#### To do:
Set down all of the data exactly. Pictures stay out of the copy.
--- Dataset content Enclosed Below ---
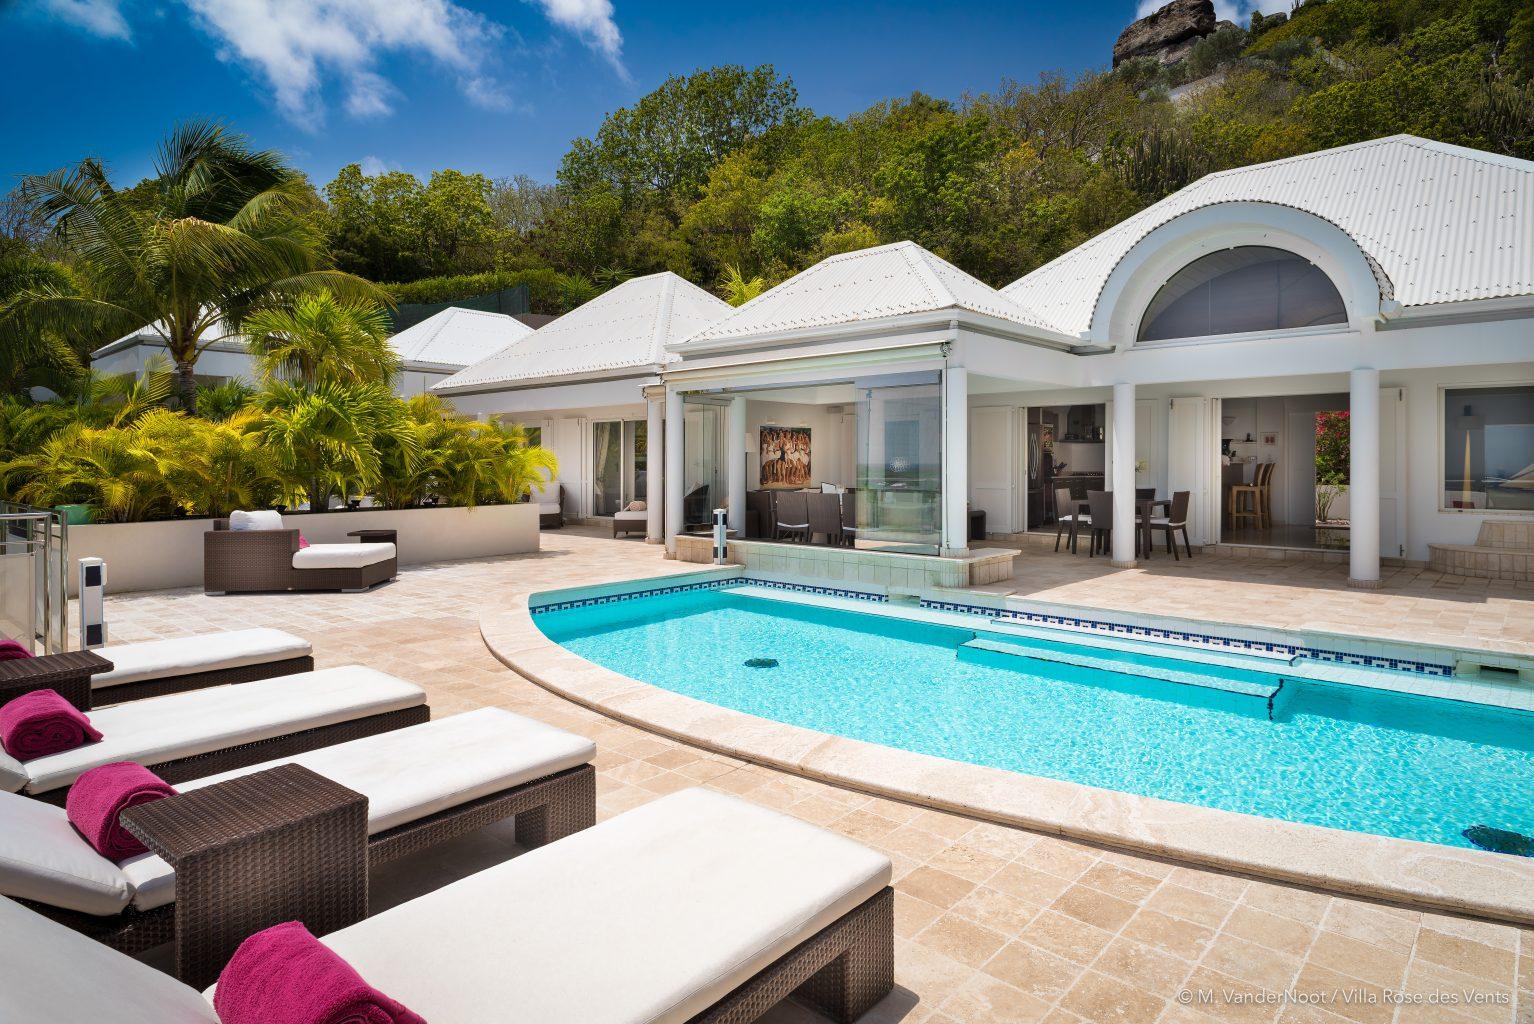 Villa Rose des Vents - Caribbean Villa Rental St Barth with Jacuzzi - Outside View
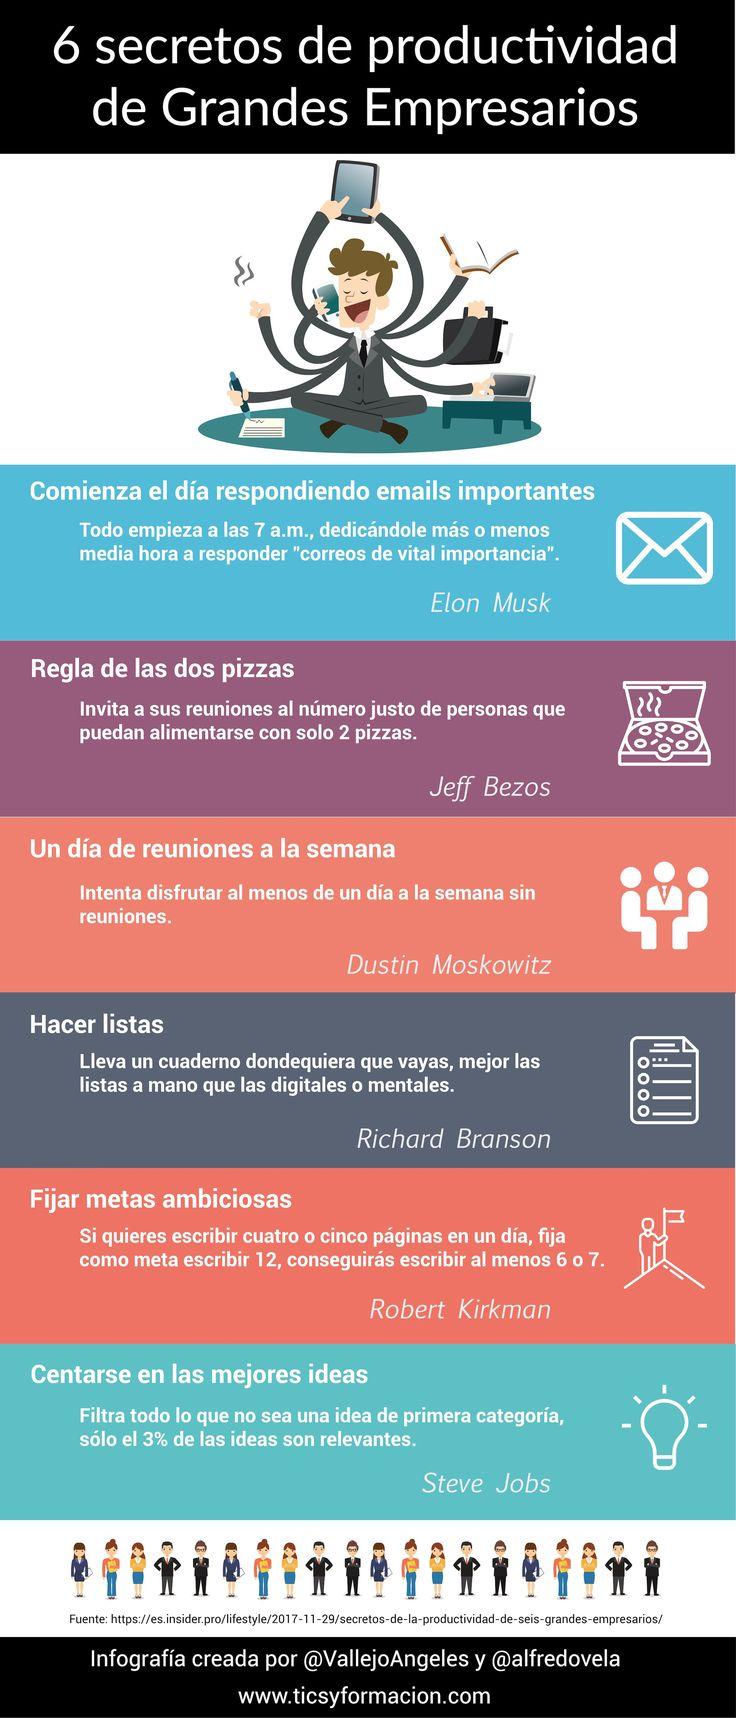 6 secretos de productividad de grandes empresarios #infografia
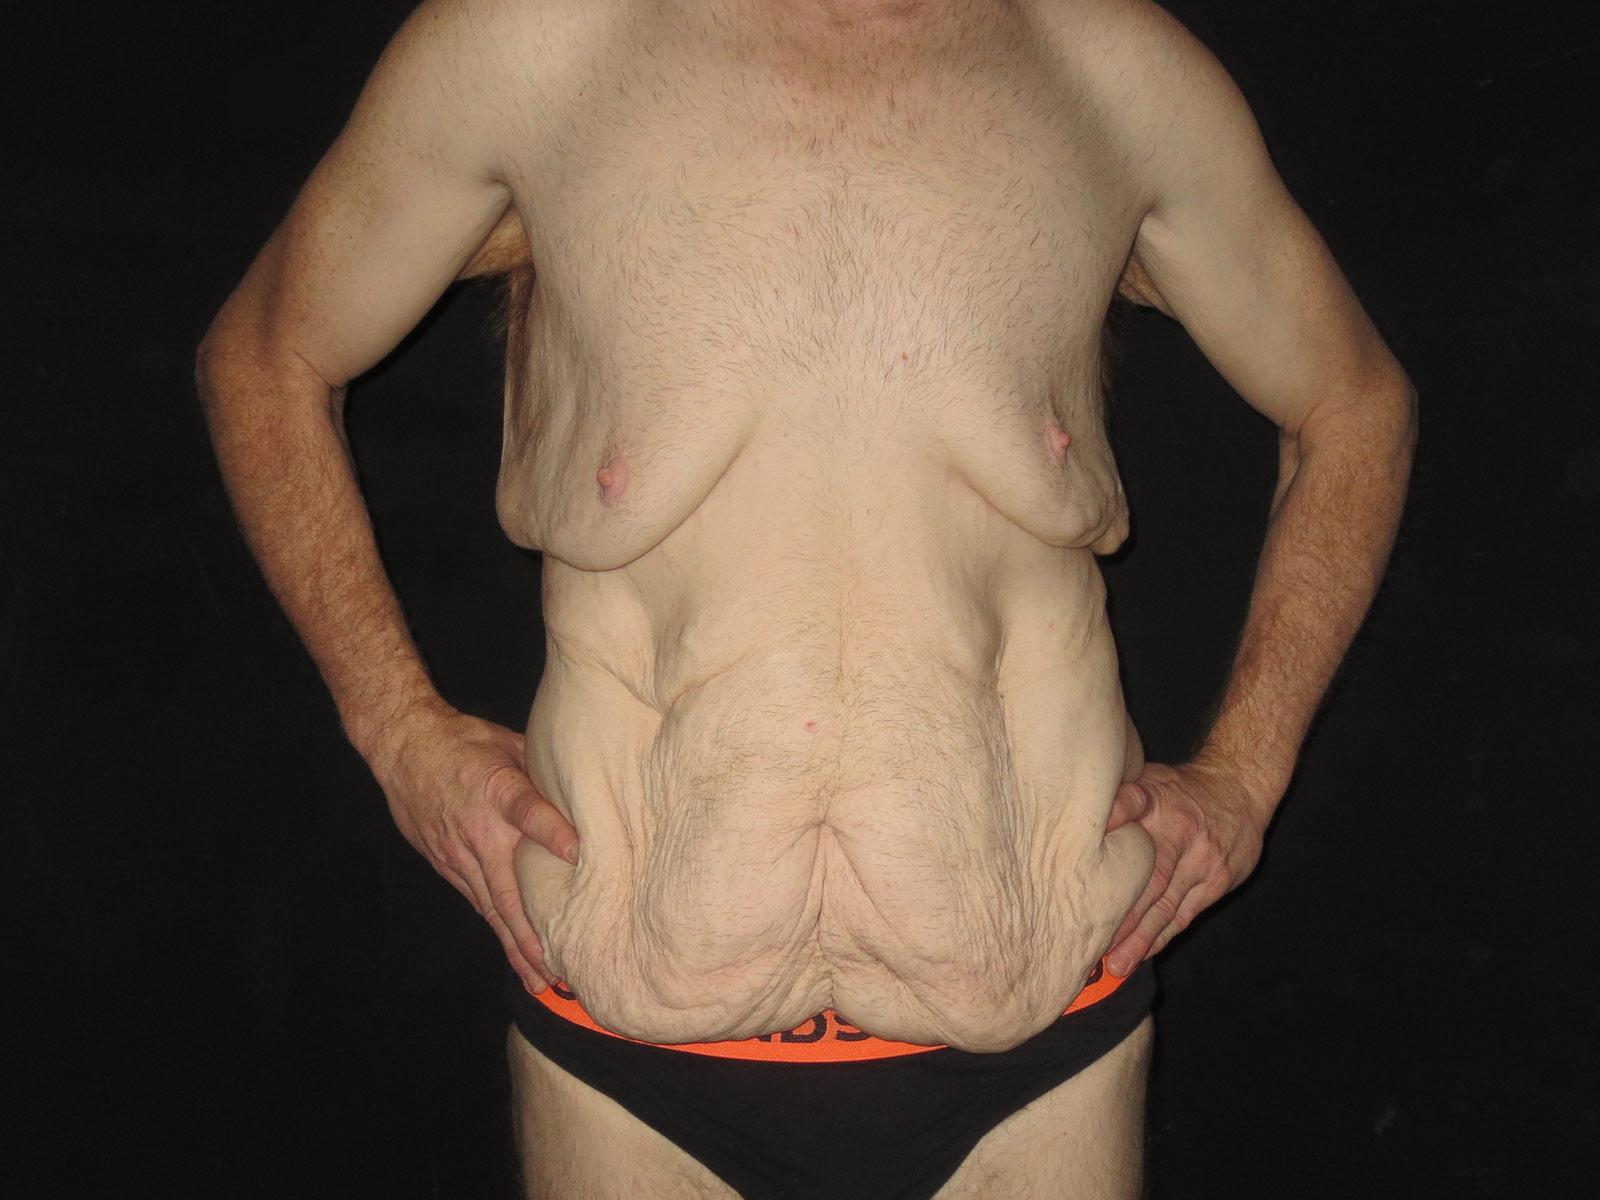 mini liposuction surgery
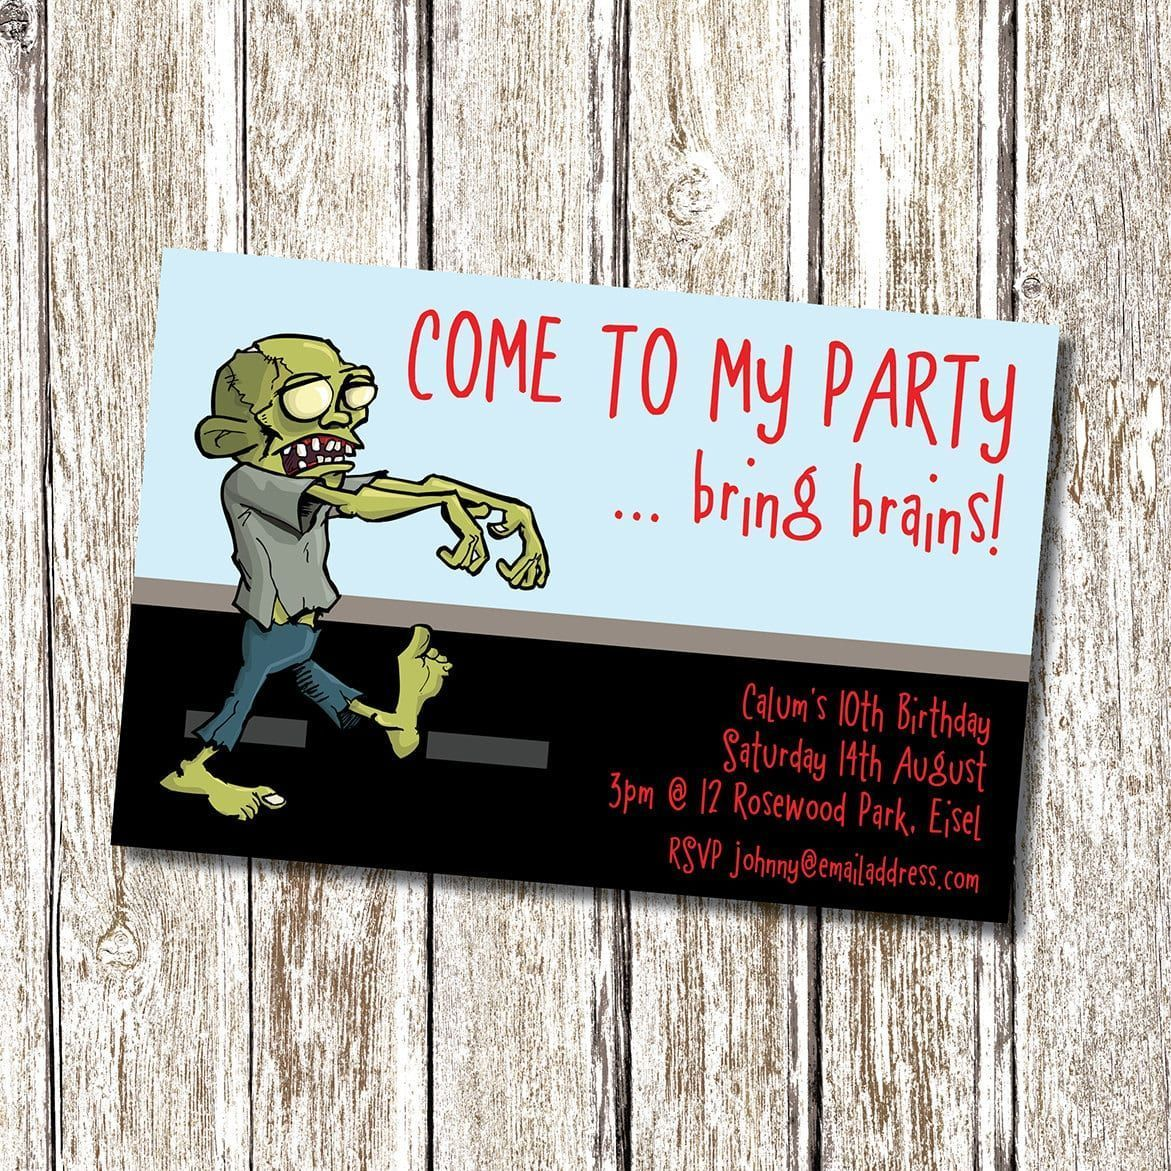 Zombie Birthday Party Invitation Template #zombieapocalypseparty
--- End of Enclosed Dataset content ---
#### Response to this task:
 Villa Rose des Vents - Caribbean Villa Rental St Barth with Jacuzzi - Outside View
 6 secretos de productividad de grandes empresarios #infografia
 mini liposuction surgery
 Zombie Birthday Party Invitation Template #zombieapocalypseparty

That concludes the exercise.